Avengers #91, Sal Buscema, the Kree/Skrull War
Sometimes you can't help feeling a super-villain wouldn't half benefit from getting out a bit more. Ronan the Accuser's the latest of those as, having decided that turning the human race into cavemen isn't enough, a few pages into this issue he decides he'd rather turn us into amoebae. At this point maybe someone should tell him he's devoting far too much time to all this. Ronan, get out of the house. Go to a movie. Go on a date. Try your hand at Laser Quest. Write a blog. There's so much more to life than planning ever more extreme ways of de-evolving people.

Then again, maybe the problem is he gets out too much. Like Thunderbirds' The Hood, for a man in charge of a vast organisation, he seems remarkably hands-on. Why does a being who now rules an inter-stellar empire have to travel all the way to Earth just to press some buttons? Couldn't he have stayed back home and got someone else to do all this?

Meanwhile the Avengers are still making a Horlicks of dealing with his Sentry, finally succumbing to it, with only Rick Jones and Quicksilver escaping. Fortunately the day's saved when  Rick liberates Captain Marvel's uni-beam wrist blaster and uses it to destroy Ronan's control panel, dooming the whole exercise. To make matters worse for our giant-sized judge, news comes in that the Kree galaxy's now at war with the Skrull galaxy, so he has to go back home, leaving the human race as multi-celled as always.

To a large degree, the vast majority of this issue really doesn't advance the plot by one inch. Hank Pym's still a caveman for most of it, Goliath's still helping the Sentry fight the Avengers, and Ronan's still out to de-evolve everyone, spending virtually the whole story boasting about his plans rather than actually instigating them. Captain Marvel meanwhile hangs around in shackles doing nothing. It's only at the climax that things suddenly change, with the foiling of Ronan's scheme, everything on Earth returned to normal and an outbreak of war that at the time seems of no great significance, just an overly-convenient plot device to get rid of the villain. As such, you could argue that, competent as they are, seventeen of its twenty pages don't really serve any great purpose in existing.

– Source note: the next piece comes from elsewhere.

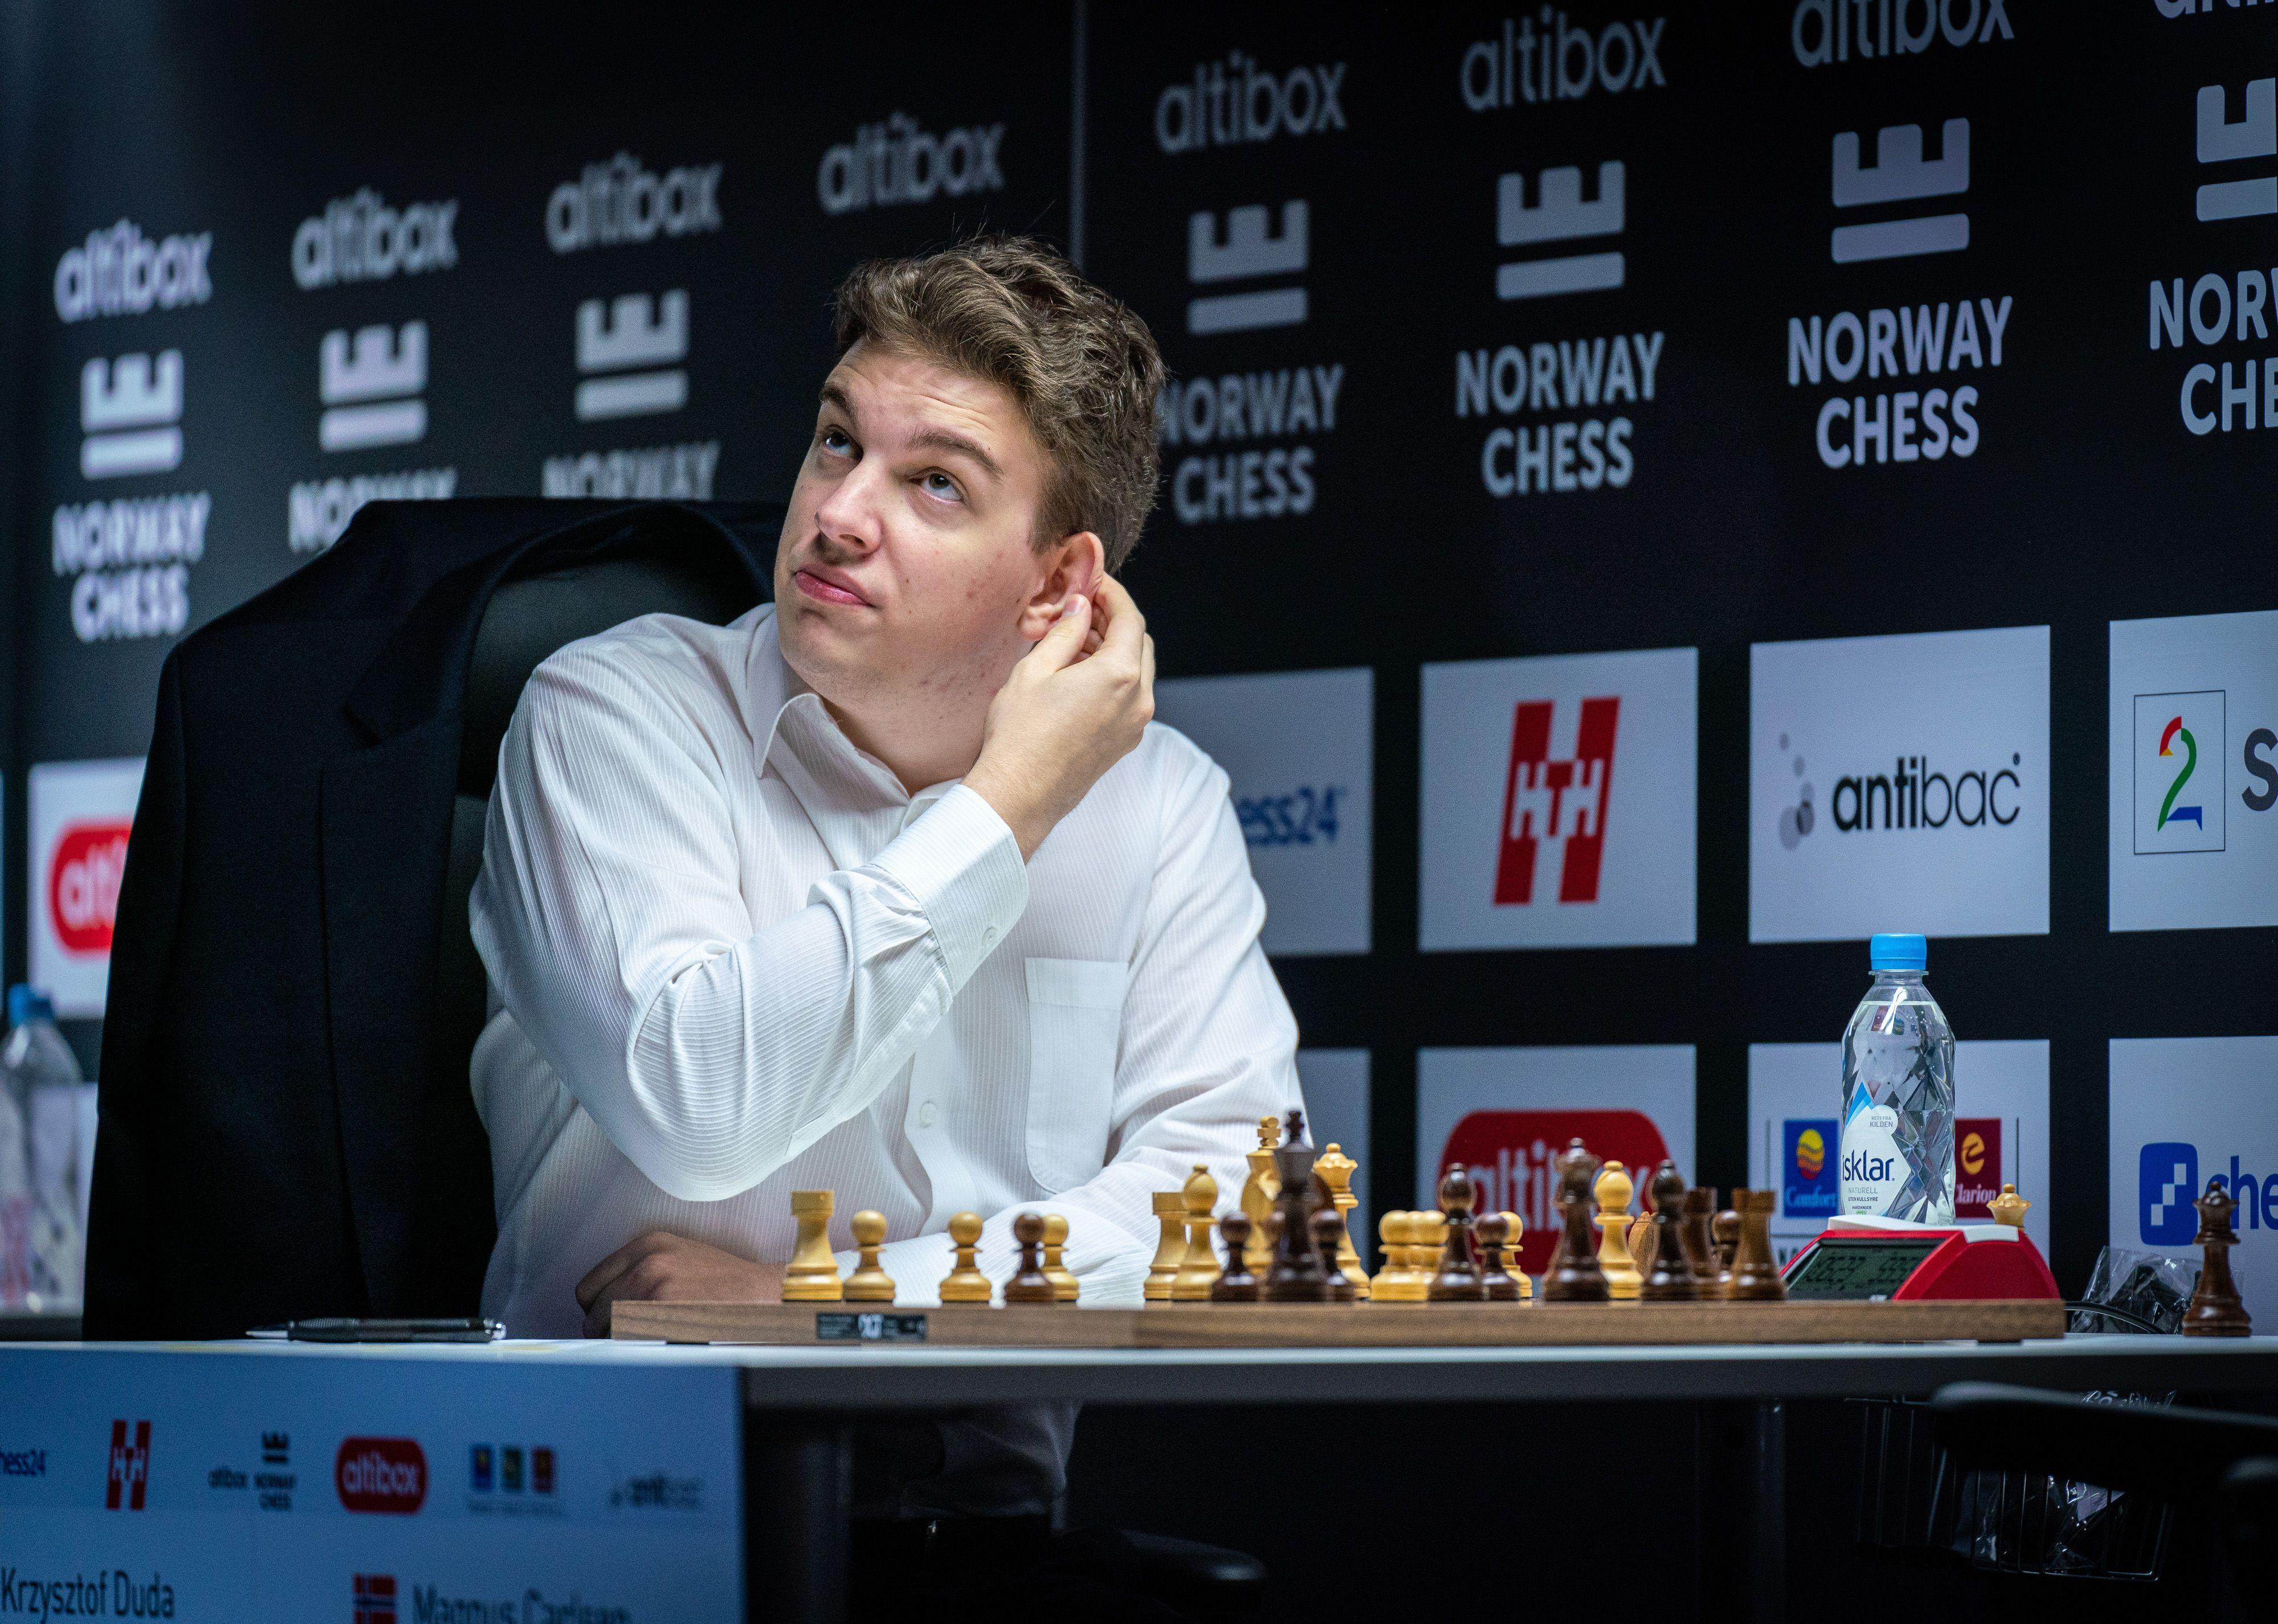 How Carlsen S Blunder To Duda Ended An Amazing Unbeaten Streak Chess Com

There is however one significant development during all this, and that's that, captured by Ronan, the Vision and Scarlet Witch finally get their romance going as they almost get to kiss, before the Vision's angst prevents it. Up until this point, there've been hints of it but at last we're being hit over the head with the frying pan of love. I'm sure most will view this as a good thing. In its early days, the Vision and Scarlet Witch's love story was arguably the most compelling romance yet seen in comics - even if Quicksilver might not agree.

That aside, the most appealing bit of characterisation comes from an unlikely source. The Sentry. Abandoned by Ronan, lacking any orders, the Sentry sacrifices itself trying to save the now collapsing base, even though it knows the task is hopeless. It might be a conscienceless machine but it does have a certain nobility about it.

The other moment of significance is that it's Rick Jones who ultimately foils Ronan's plan. Coincidence? Or signs of Roy Thomas already having a master plan for the whole thing in place?

2 comments:

Richard Bensam said...

"In its early days, the Vision and Scarlet Witch's love story was arguably the most compelling romance yet seen in comics" -- I can't be objective here, but I sure remember how sophisticated and mature it seemed when I was eight years old! And the slow buildup over many preceding months gave the reveal a big emotional charge, which is something no comic could have pulled off before Marvel made multi-issue subplots one of its distinctive ingredients.

Steve Does Comics said...

I do feel it was Quicksilver's opposition that really made it work. Take that away and it's just a love story. With Quicksilver added, it's suddenly a battle against bigotry and an impassioned plea for open-mindedness.